Filebeat clients specified by ip addresses for 'force_peer'


I'm authenticating FileBeat clients on Logstash over ssl (ssl_verify_mode: force_peer).

I created self signed cert

../bin/elasticsearch-certutil ca --pem --silent --out

then generated logstash and filebeat certs

elasticsearch-certutil cert --silent --pem --in instances.yml --ca-cert ca/ca.crt --ca-key ca/ca.key --out

I created instances.yml und run elasticsearch-certutil with elasticsearch-certutil --in instances.yml ...
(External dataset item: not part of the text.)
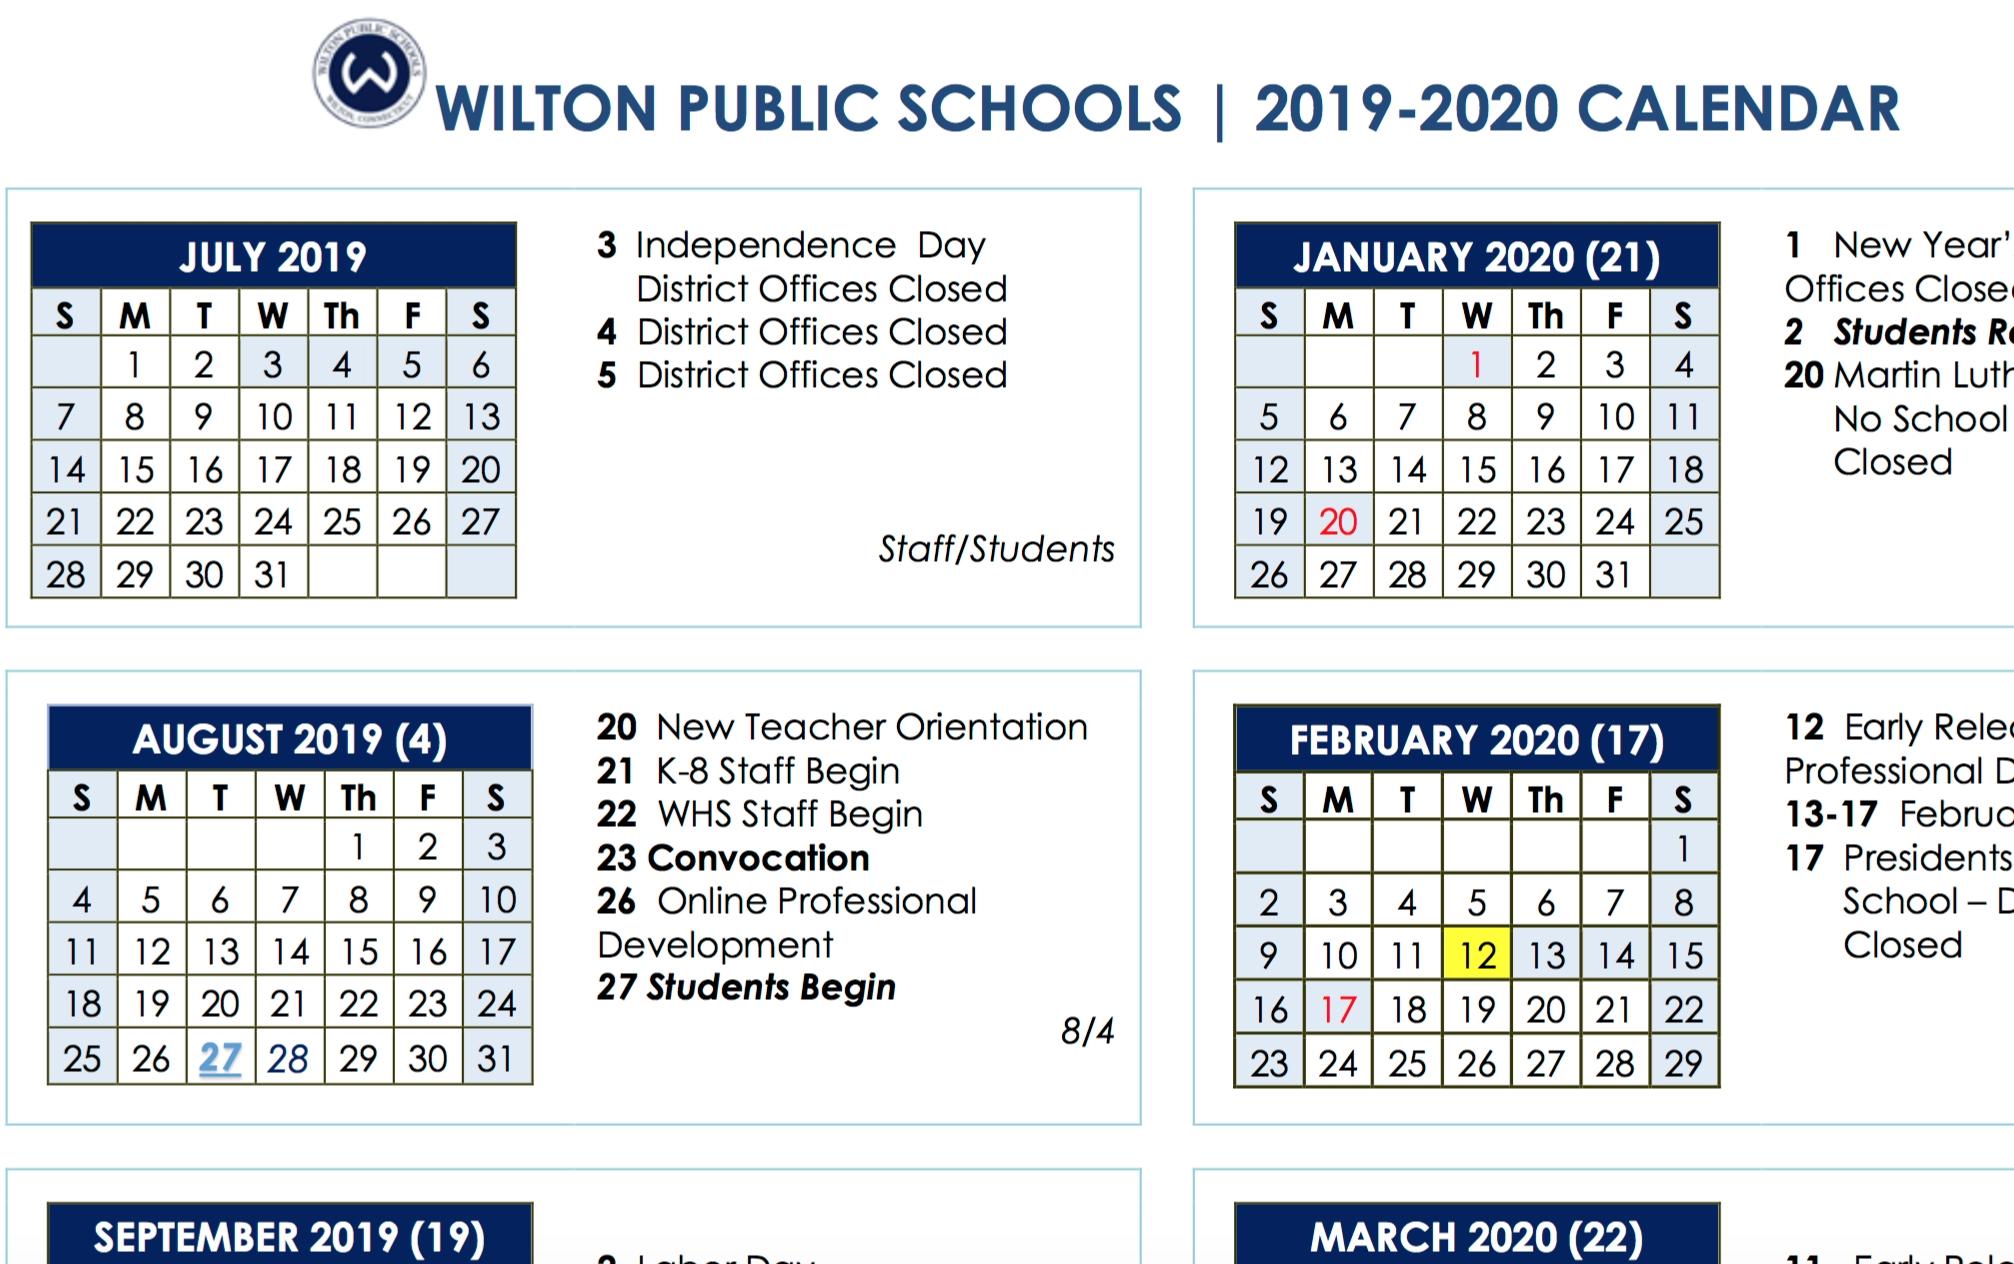 Special Days In The School Year 2019-2020 - Calendar ...
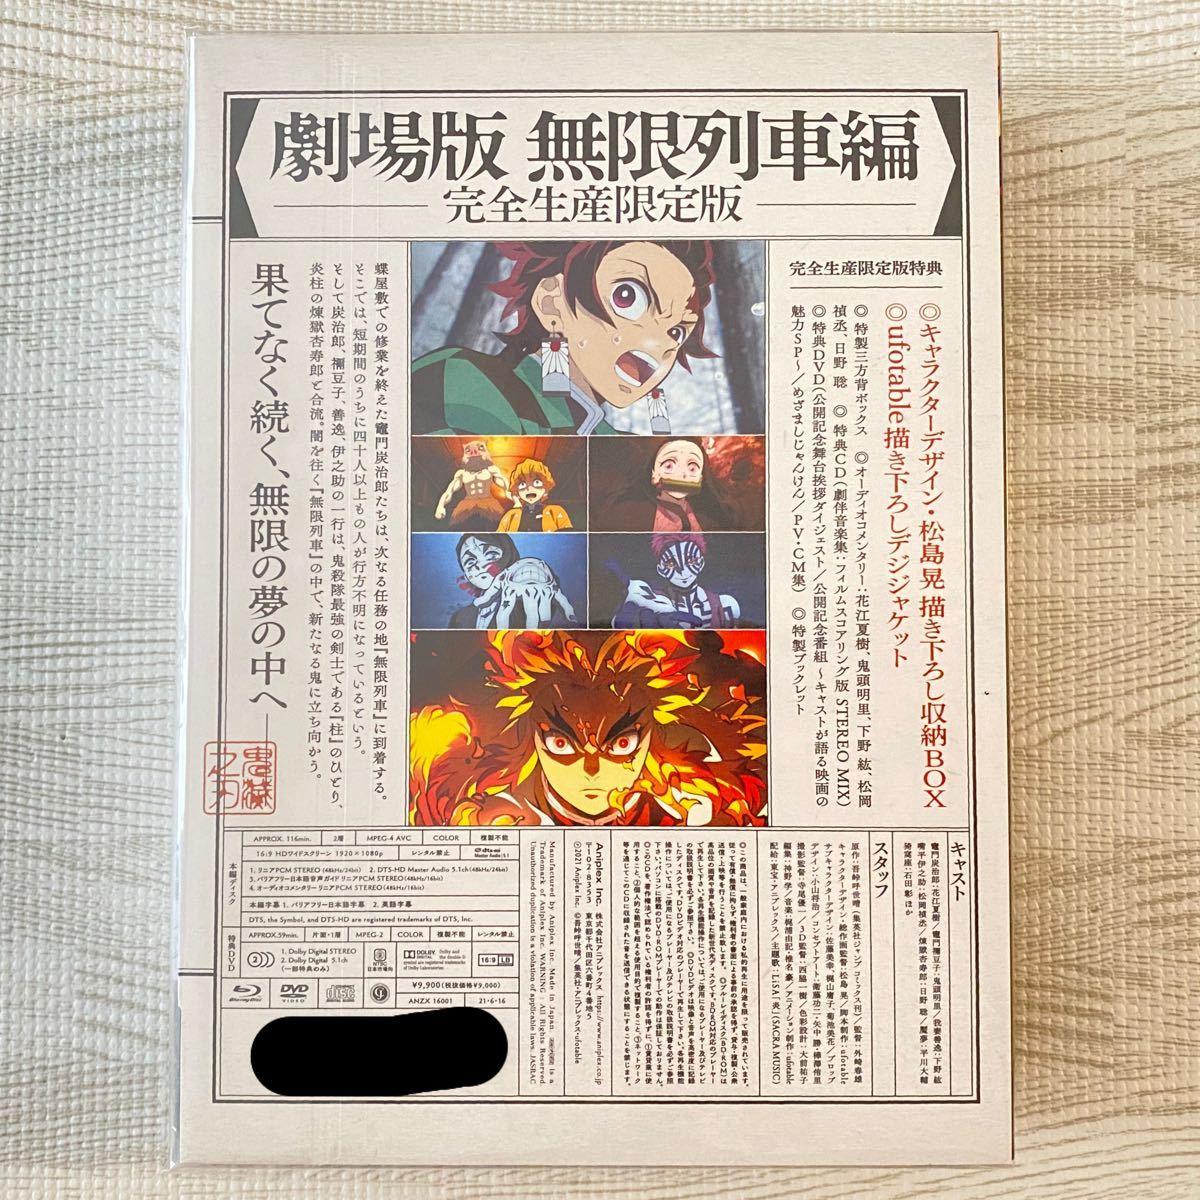 【Blu-ray】劇場版 鬼滅の刃 無限列車編 完全生産限定版 特典 色紙 付き

It works but the FileBeat clients are specified in instances.yml by their ip addresses.

  - name: logstash_unit1
      - logstash
      - node1
      - localhost
  - name: filebeat
      - node1
      - node2
      - localhost

The FileBeat clients connects to logstash over proxy and their ip addresses can change.
Can i specify an address range instead of ip address?
How can i get rid of ip addresses for filebeat client certs?

Thank you

(ruflin) #2

Could you try to just remove the IP addresses and rely only the dns names?


Removed the ips and it works. Seems like ssl client-auth doesn't need the ips.

BTW Elastic is awesome :wink:

(system) #4

This topic was automatically closed 28 days after the last reply. New replies are no longer allowed.